Both these sections relate to dispensing with the personal attendance of the “accused” only.
These sections cannot be applied to “complainant”.

However, generally speaking, in so far as the complainant is concerned, his personal attendance
may not always be insisted upon if he is represented by an advocate, except in a (private)
complaint case. For example, see the following sections of Cr.P.C.:

“249. Absence of complainant.— When the proceedings have been instituted upon complaint,
and on any day fixed for the hearing of the case, the complainant is absent, and the offence may
be lawfully compounded or is not a cognizable offence, the Magistrate may, in his discretion,
notwithstanding anything hereinbefore contained, at any time before the charge has been framed,
discharge the accused.”

“256. Non-appearance or death of complainant.— (1) If the summons has been issued on
complaint, and on the day appointed for the appearance of the accused, or any day subsequent
thereto to which the hearing may be adjourned, the complainant does not appear, the Magistrate
shall, notwithstanding anything hereinbefore contained, acquit the accused, unless for some
reason he thinks it proper to adjourn the hearing of the case to some other day:

Provided that where the complainant is represented by a pleader or by the officer conducting the
prosecution or where the Magistrate is of opinion that the personal attendance of the complainant
is not necessary, the Magistrate may dispense with his attendance and proceed with the case.

(2) The provisions of sub-section (1) shall, so far as may be, apply also to cases where the non-
appearance of the complainant is due to his death.”

Here, Section 249 relates to trial of warrant cases when the proceedings have been instituted
upon complaint (and, thus, not on the basis of a charge-sheet submitted by the police under
Section 173 Cr.P.C.). Likewise, Section 256 relates to trial of summons cases, which are
basically cases where the maximum imprisonment can be up to 2 years; this clearly implies that
these are generally for non-cognizable cases, wherein even if the police has submitted a charge-
sheet the same is considered as “complaint” [see, Explanation to Section 2(d)]. Therefore,
Section 256 also deals with complaint cases.

I have not come across any other sections in Cr.P.C. which speak about the “absence” of
complainant or about “personal attendance” of complainant on every date, except these two
sections mentioned above which relate to complaint cases. Thus, it should be obvious that if a
criminal case has been instituted on the basis of a police report (i.e., charge sheet under Section
173 Cr.P.C.), the attendance of the complainant may not be necessary on all dates, except when
the evidence of the complainant is required to be recorded or for some other special reasons.

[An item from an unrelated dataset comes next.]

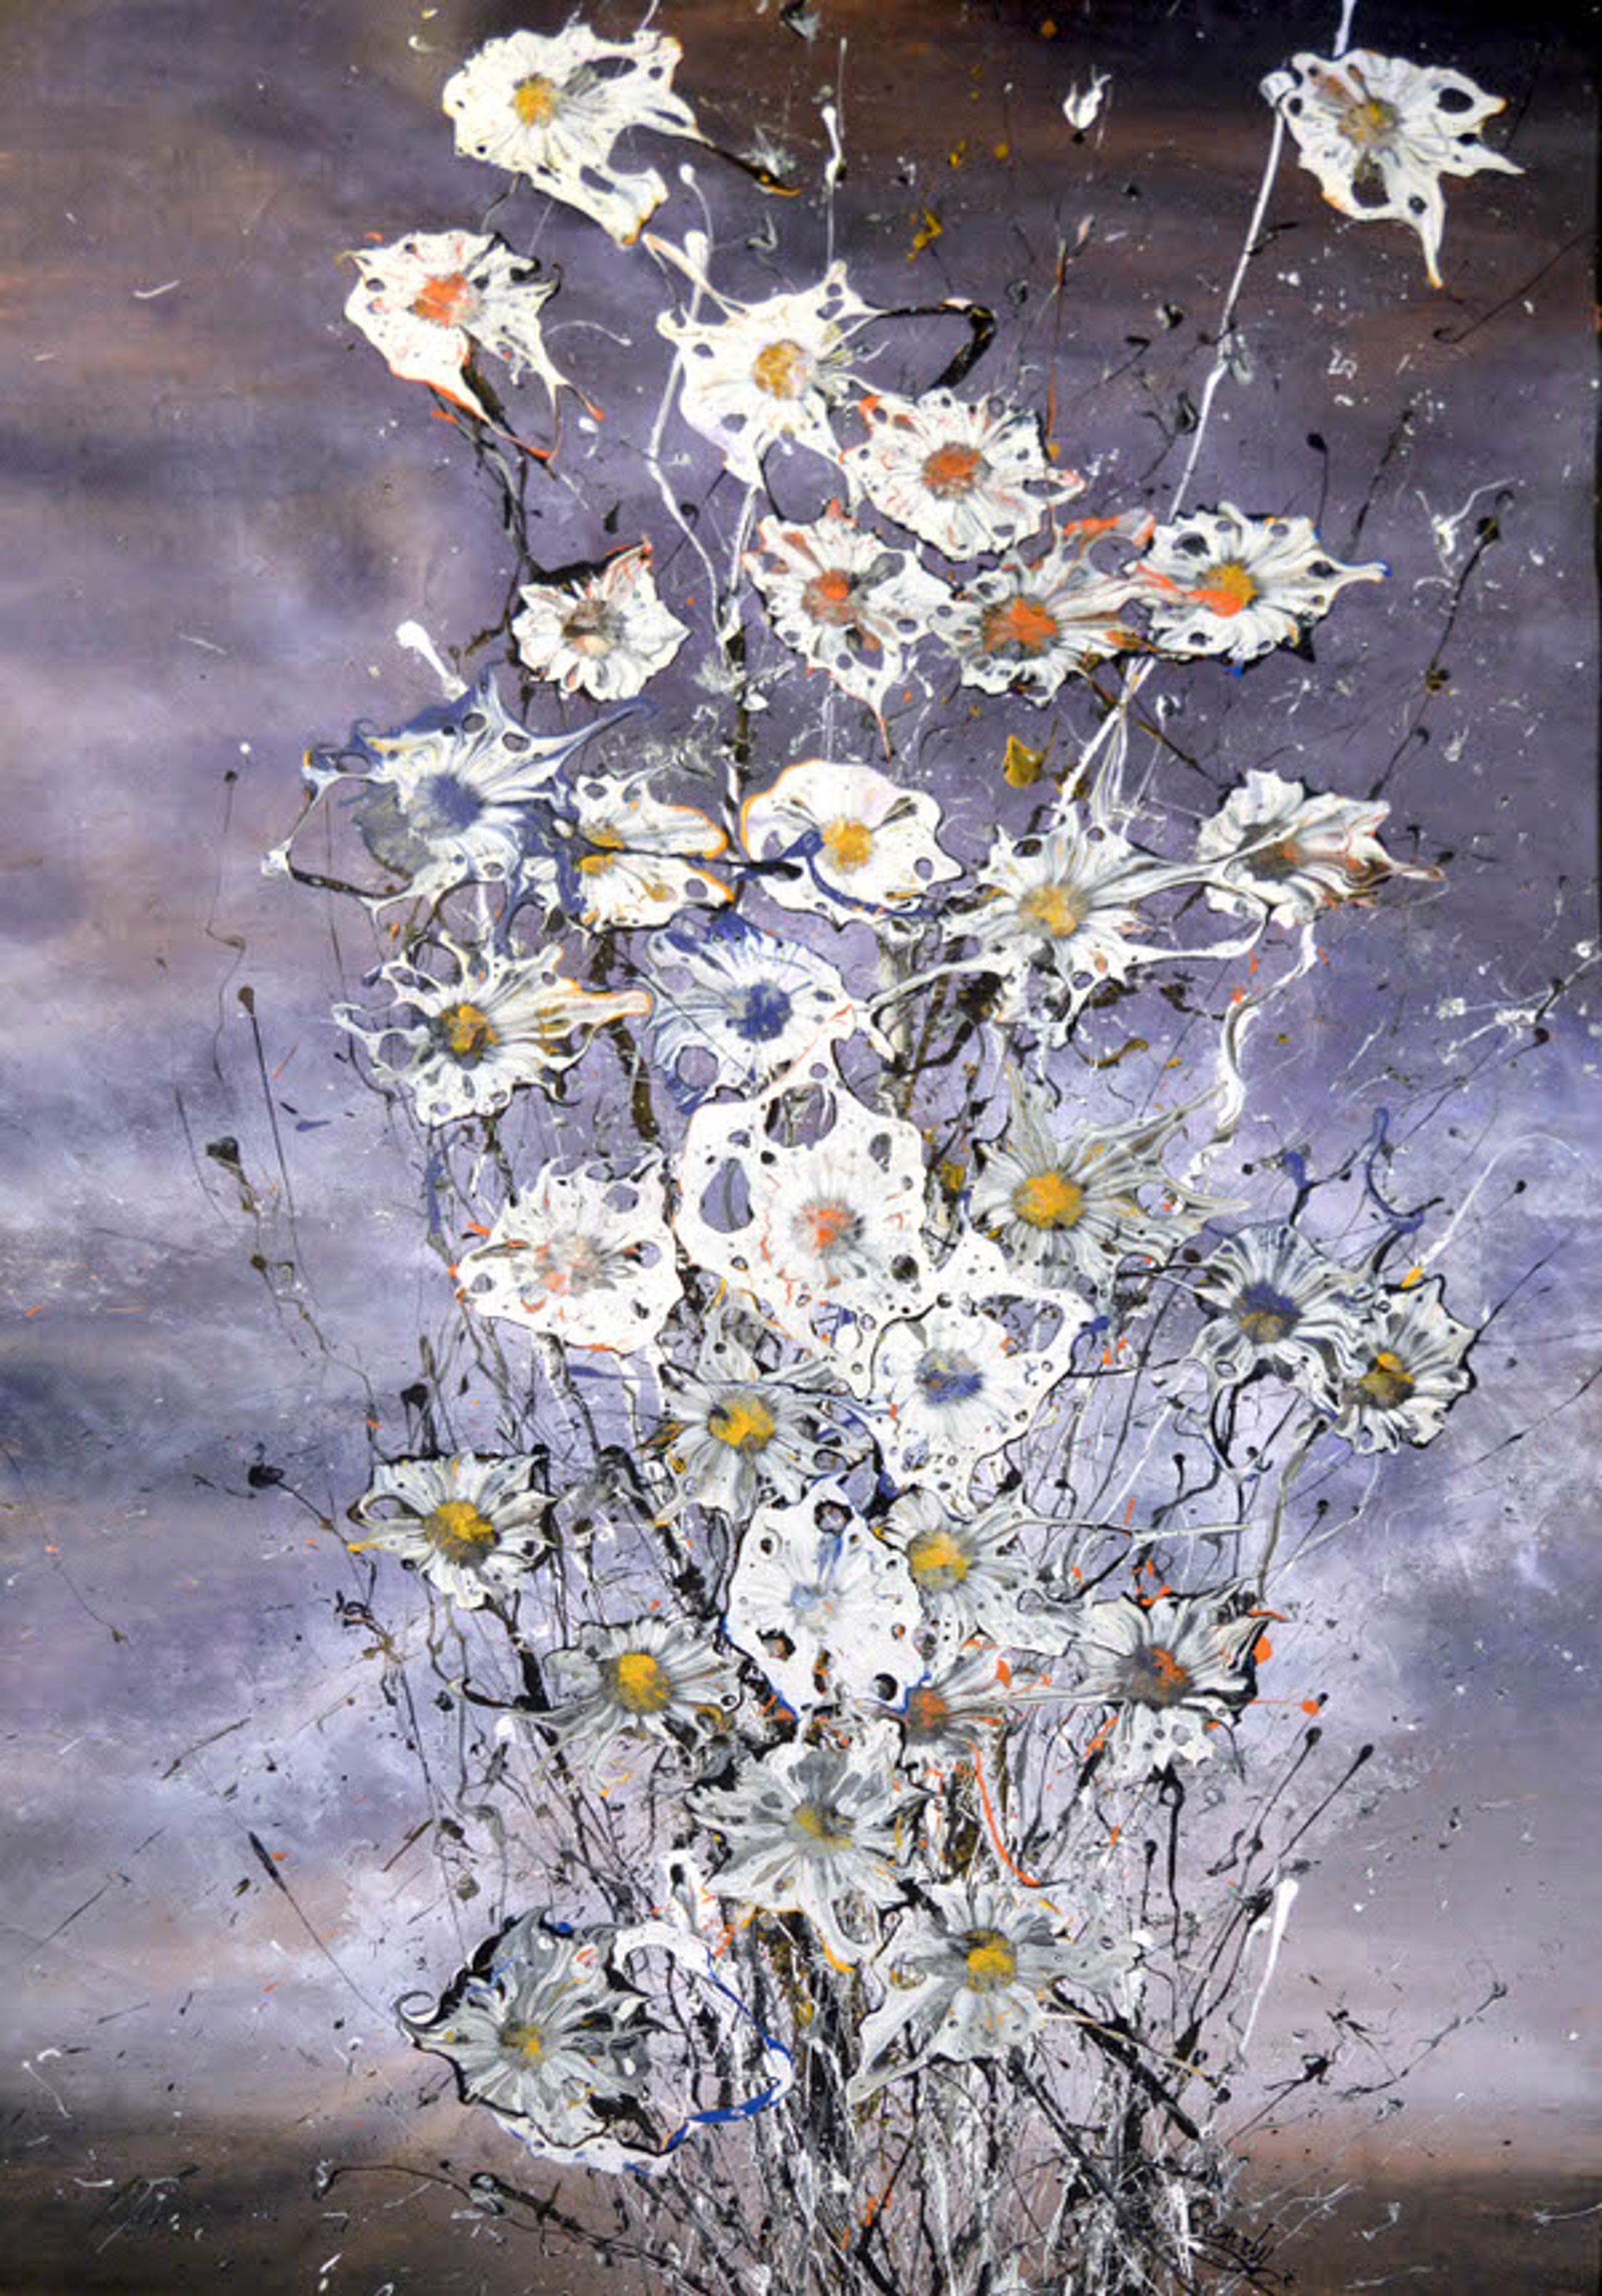 Wild Flowers by Rowdy Warren

However, in so far as (private) complaint cases are concerned, the presence of complainant may
be considered necessary if he is not represented by an advocate. This is so because in such a
situation, the complainant himself would be the “prosecutor”, in the absence of whom the case
cannot proceed further. But, even in complaint cases, if the complainant has appointed an
advocate, the court will generally not insist on the personal attendance of the complainant except
when it may be necessary. So, where an advocate has been appointed by the complainant in a
complaint case, the complainant can generally get exemption from personal attendance, except
when it is found to

be necessary.

If the complainant or accused is living at a far-away place from the court, then it is an additional
ground to seek exemption from personal attendance, though it is not necessary that the court will
always agree to dispense with the personal attendance on this ground alone. Generally, people
also give reasons of sickness, medical problems, personal / family problems, etc., to name just a
few reasons, to seek exemption from personal attendance.